Does he think that it is a delight or a burden?
He is too scared to say.
I am delighted to have the opportunity to sum up in this very important debate. This is the first stage 1 debate that I have been involved in from this side of the fence, so to speak, and it has been an interesting experience. I am happy that there is genuine consensus on the importance of the bill and that, in general, there are no divisions along party lines on the key issues that the bill identifies. That is a good-news story that gives confidence in the Parliament's work of wrestling with the difficult issues that will make a difference in local communities.
We should remember the history—and understand the importance—of the commitment to introduce legislation on charities, which represented recognition that there had been a sapping of public confidence in charities. There was a fear that if charities were not operating in accordance with a common understanding of how they should be operating, there would be an impact on charitable giving. We should commend those people who through their work strove to ensure that that position would be turned round not just by the bill, but by restoring faith in the charitable sector.
Acknowledging that something is important does not make it easy. The charitable sector does not exist in straight lines or in boxes; it was not created and developed by policy wonks and bureaucrats. That means that it is difficult to legislate clearly and simply on what the sector does. It is important that when we legislate we recognise that diversity is to be celebrated, but that it is not easily managed. In legislating for the sector, we must be careful that we do not drive out those bits of it that we cherish so much.
A lot of hard work has gone into developing the bill and it is gratifying that the Communities Committee has endorsed it. I congratulate the committee and its convener on the role that they have played. I acknowledge the hard work that Jean McFadden's commission did all those years ago in identifying the areas in which it was important to take action. I pay tribute to my colleague Margaret Curran, who caught and responded to the public mood and the desire for legislation by making the commitment to legislate that we are delivering on.
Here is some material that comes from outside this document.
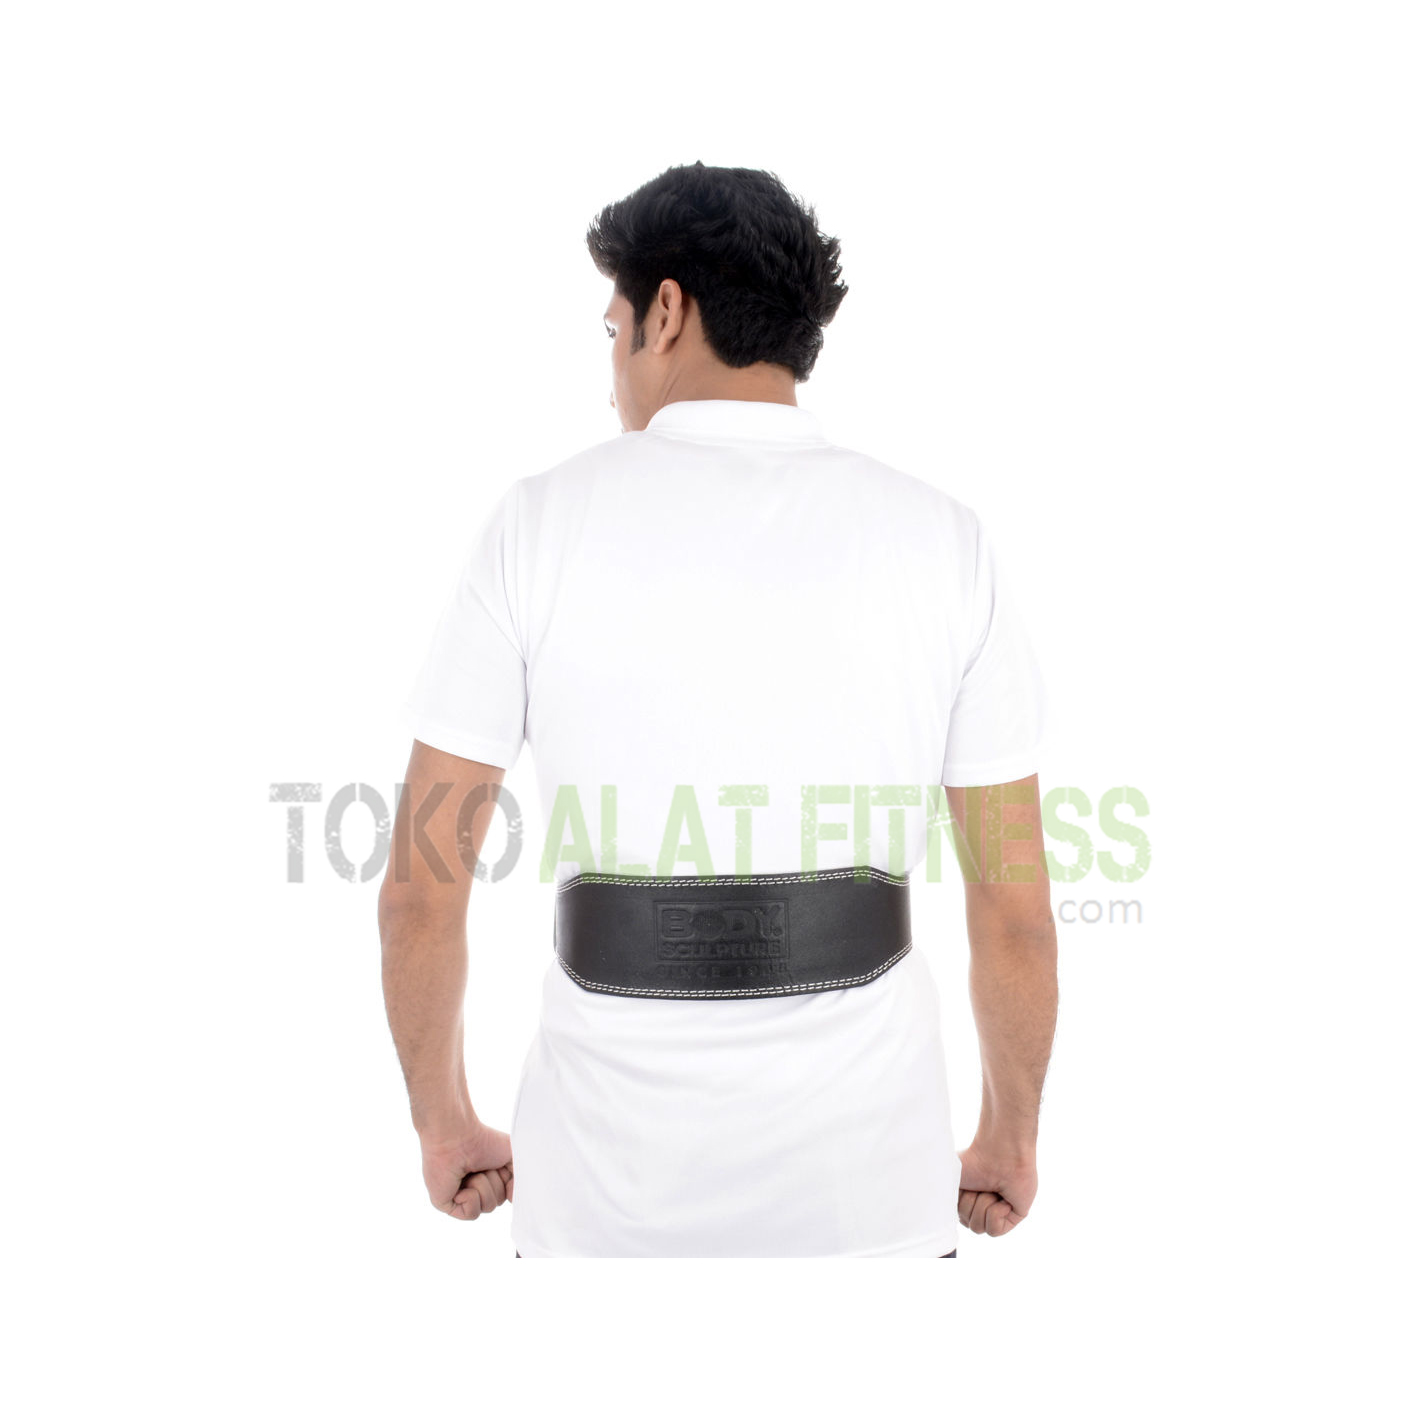 sabuk kulit bs2 - Sabuk Fitness Kulit (Weight Lifting Belt) L Hitam Body Sculpture - ASSSF1B
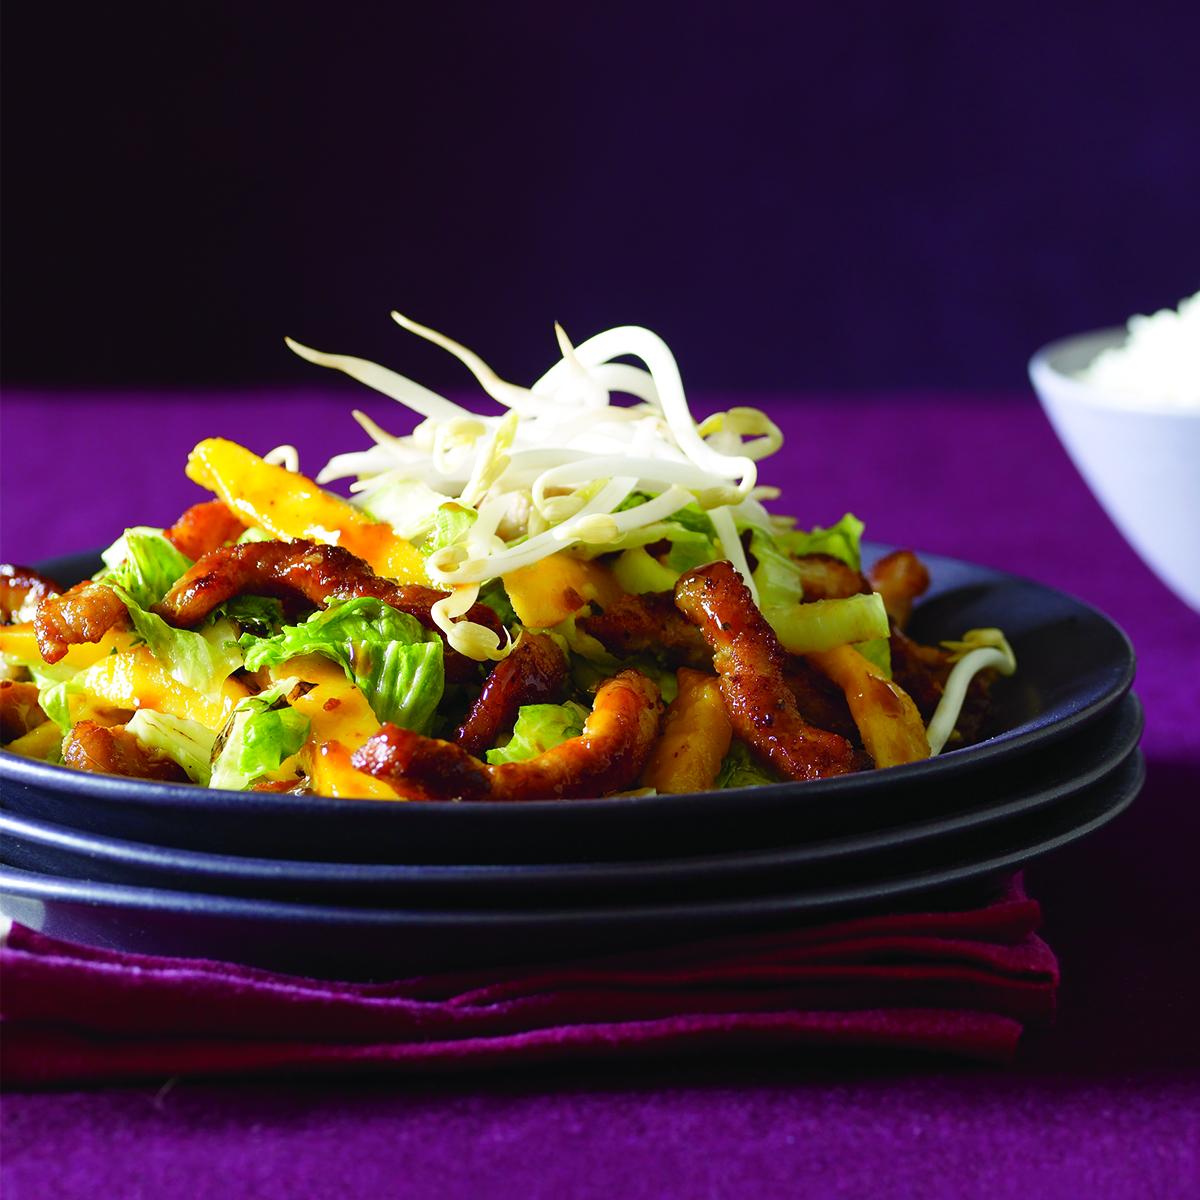 Teriyaki Pork-and-Mango Stir-Fry

There is agreement that charities are vital to Scotland's community and that they need a regulatory framework that protects the public interest and helps them to flourish. It is evident to me that, as the committee noted, on certain issues we may not have got things quite right yet, but that indicates that we have a successful parliamentary scrutiny process. I am looking forward to analysing the committee's recommendations before we propose amendments to the bill at stage 2.
Independence is not a new issue—Jean McFadden flagged it up. Everyone understood that bodies might have to choose between independence and charitable status. Although the Executive recognises the compelling case that has been made for the distinctive role of the cultural NDPBs because of their responsibilities for the national treasures, that is not an indication that we devalue independence.
Will the minister give way?
I want to progress a little.
Christine Grahame made a point about organisations that act in the public interest, but the fact that an organisation acts in the public interest is not sufficient to make it a charity.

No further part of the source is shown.